- EXERCISE DIRECTIONS -
What you print should match the entries exactly, only without the pictures.

- GIVEN INFORMATION -
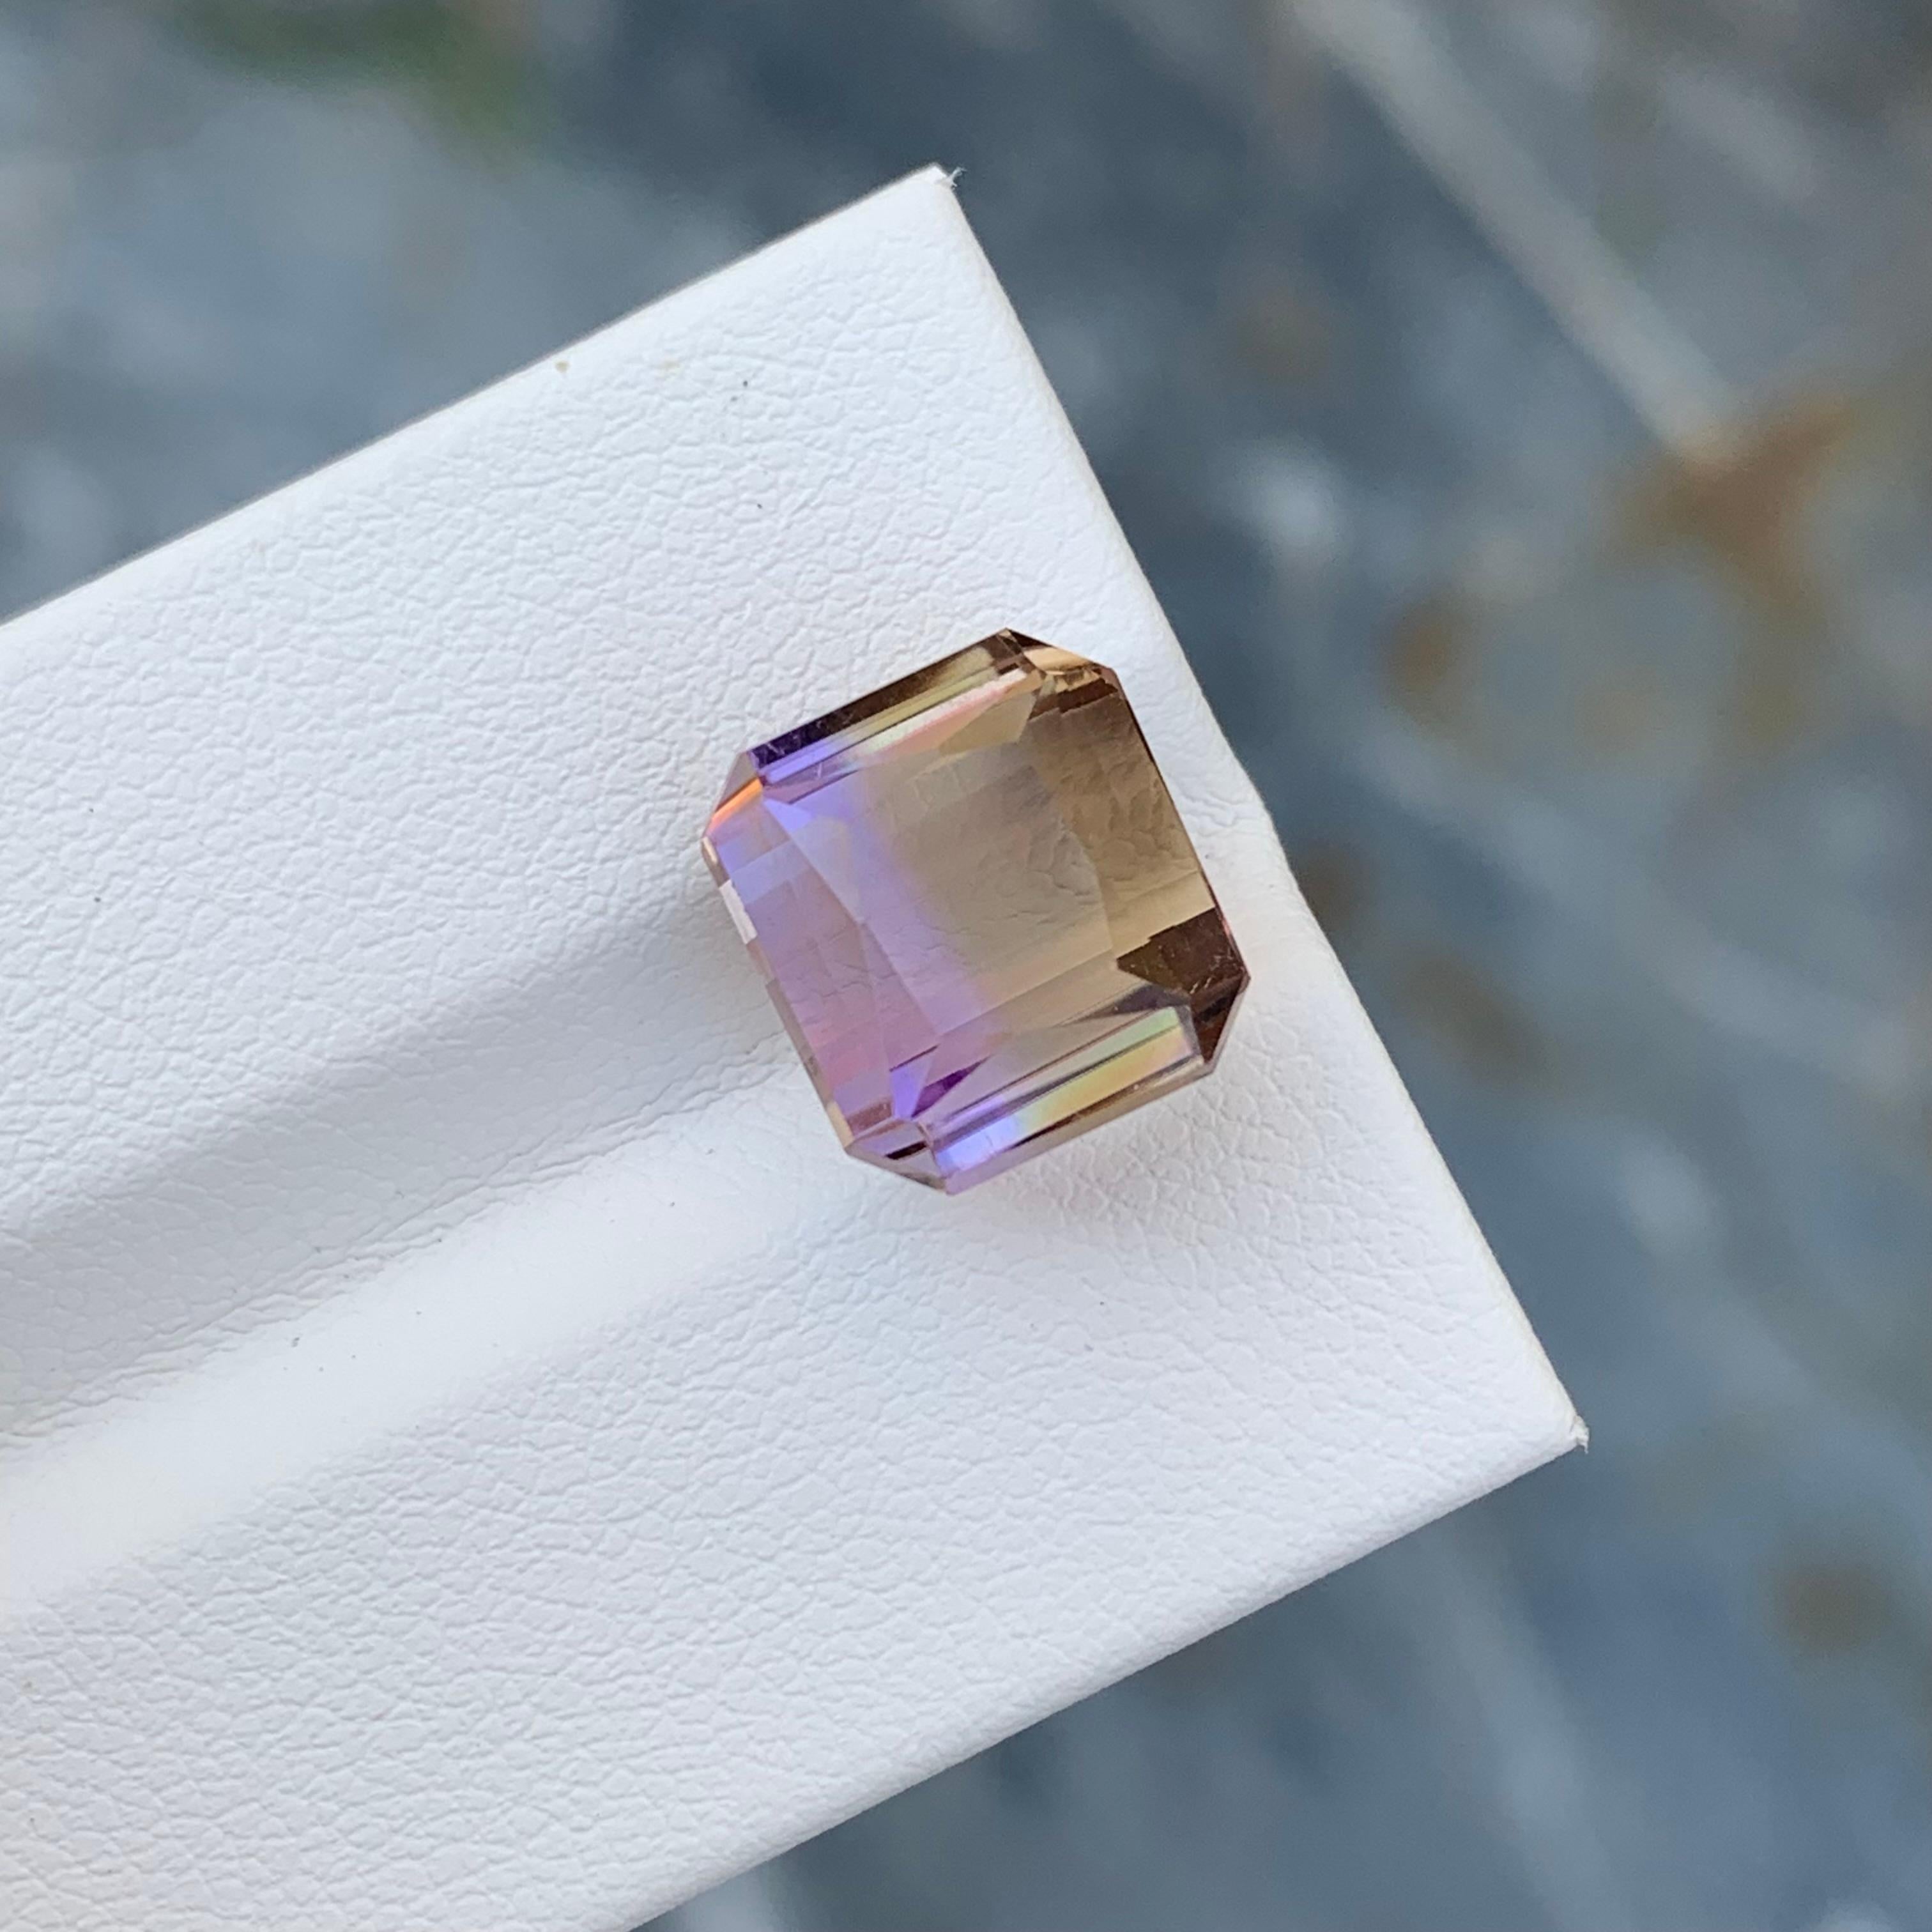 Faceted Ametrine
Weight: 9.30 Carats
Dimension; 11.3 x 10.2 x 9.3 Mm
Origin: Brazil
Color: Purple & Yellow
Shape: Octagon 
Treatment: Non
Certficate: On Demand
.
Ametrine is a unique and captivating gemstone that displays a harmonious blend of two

- COMPLETED EXERCISE -
 Faceted Ametrine
Weight: 9.30 Carats
Dimension; 11.3 x 10.2 x 9.3 Mm
Origin: Brazil
Color: Purple & Yellow
Shape: Octagon 
Treatment: Non
Certficate: On Demand
.
Ametrine is a unique and captivating gemstone that displays a harmonious blend of two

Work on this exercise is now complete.